In 1926, Kent Hughes unsuccessfully sought Nationalist Party of Australia preselection for the newly created seat of Kew in the Victorian Legislative Assembly. He won the seat as an Independent candidate at the 1927 election, after which he joined the Nationalists. Kent Hughes soon found himself opposed to the conservative establishment, and what he considered the mediocrity of Victorian politics. He openly referred to a number of his fellow Nationalists as "boneheads" and opposition Labor Party members as "uncouth, semi-educated ill-mannered narrow-minded boors". Kent Hughes, along with his close friend and ally Robert Menzies, founded the Young Nationalists Organisation in 1929, which became an influential force in conservative politics in Victoria.

When the Nationalists came into power in Victoria in December 1928, Kent Hughes was appointed Cabinet Secretary and Government Whip but resigned his positions in July 1929, ostensibly in protest over a government subsidy to a freezing works company, but more likely in reaction to the ongoing bone headedness of his fellow parliamentarians.

Following the formation of the United Australia Party (UAP) in place of the Nationalists in 1931, Kent Hughes served in several portfolios, including Railways, Labour, Transport and Sustenance. It was as Minister for Sustenance, a portfolio designed to deal with the poverty of the Great Depression, that he became known as the "Minister for Starvation". Kent Hughes drafted legislation that became the Unemployment Relief (Administration) Bill which, when enacted in January 1933, forced the unemployed to work for the dole, and denied any form of financial assistance to women. Kent Hughes's bill has been described as the harshest piece of legislation in Australia directed towards the unemployed during the Depression.

In January 1933, Kent Hughes became embroiled in cricket's Bodyline affair. A friend of English captain Douglas Jardine from their Oxford days, Kent Hughes publicly defended Jardine's tactics of sustained short-pitched bowling against the Australian batsmen, arguing that Australia used similar tactics against England during the 1921 Ashes tour. He also criticised the protests about Jardine by Australian cricket's governing body, the Australian Cricket Board of Control, stating they were "boorish, bitter (and) insulting".

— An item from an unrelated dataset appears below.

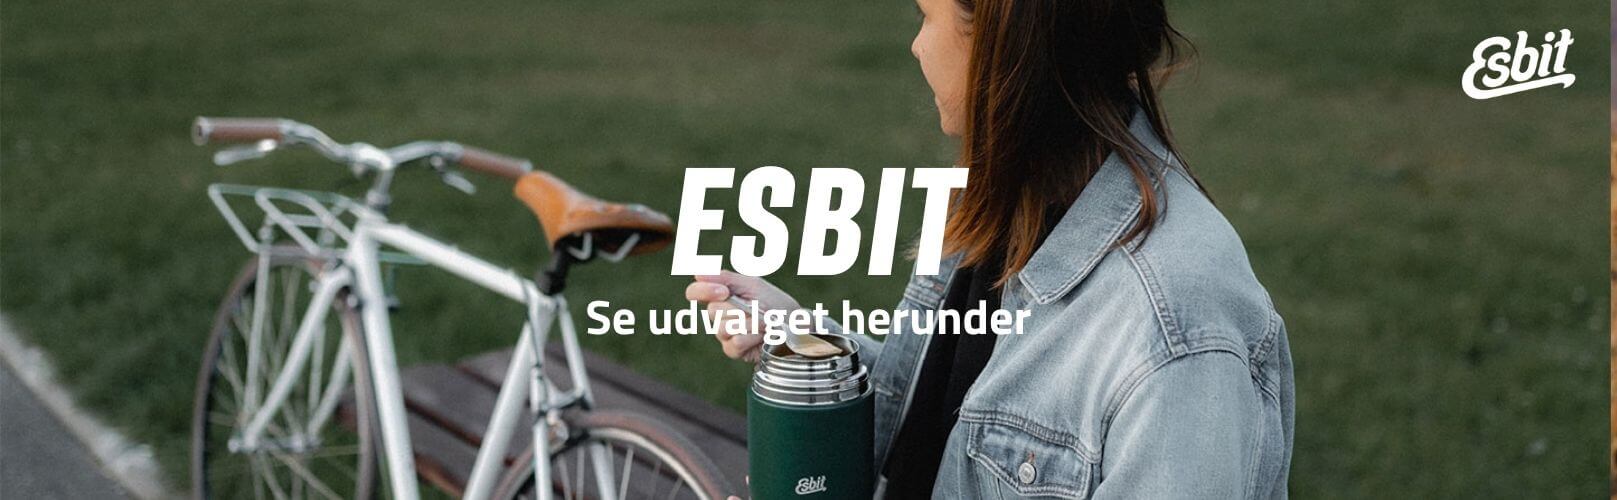 Esbit brand banner
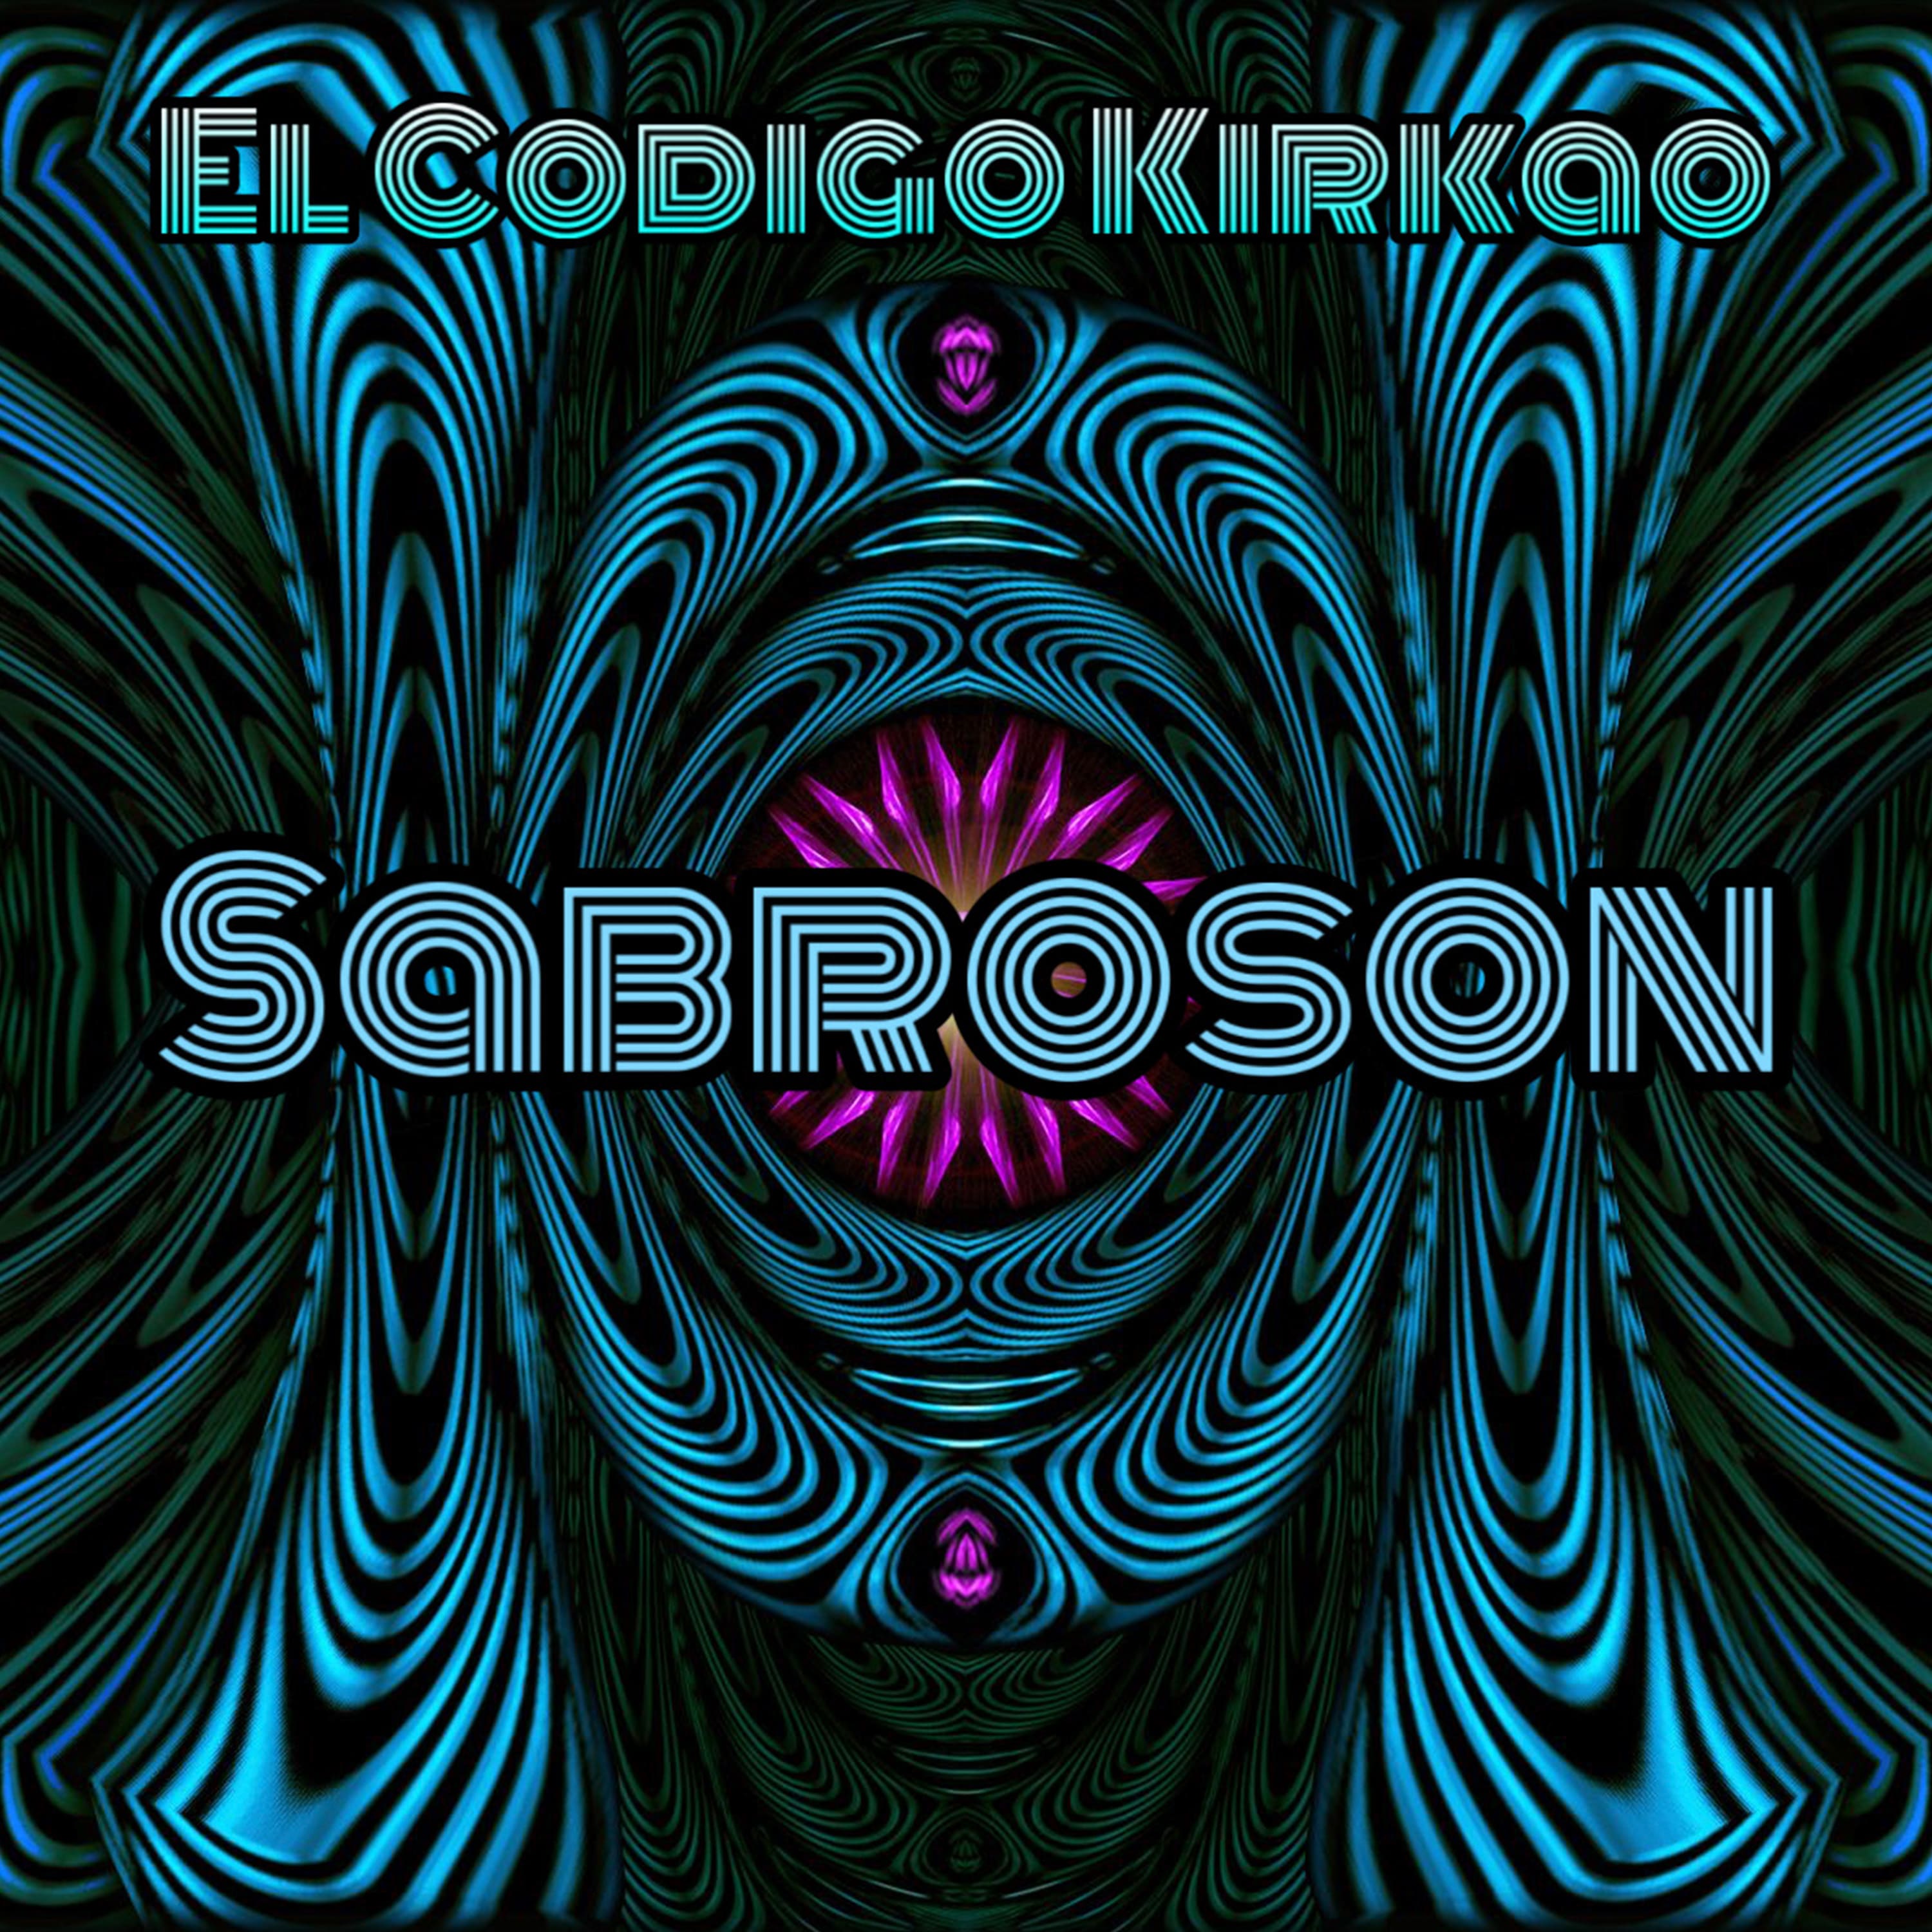 El Codigo Kirkao - Sabroson (Afro House)

While he was attacking the Cricket Board of Control, Kent Hughes was simultaneously organising the Australian tour of the Duke of Gloucester and, for his efforts, was appointed a Member of the Royal Victorian Order in 1934. In 1938, he was manager of the Australian team at the Empire Games held in Sydney.

==="Why I Have Become a Fascist"===

The "Why I have Become a Fascist" article

During the late 1920s and 1930s, Kent Hughes developed a strong sympathy for fascism, encouraged in part by his uncle Ernest, who visited Italy in 1926, and published an enthusiastic report on Mussolini's Italy in a local newspaper on his return. Kent Hughes was also impressed by Sir Oswald Mosley's proposal for a British parliament consisting of business and national interests, headed by a powerful executive government.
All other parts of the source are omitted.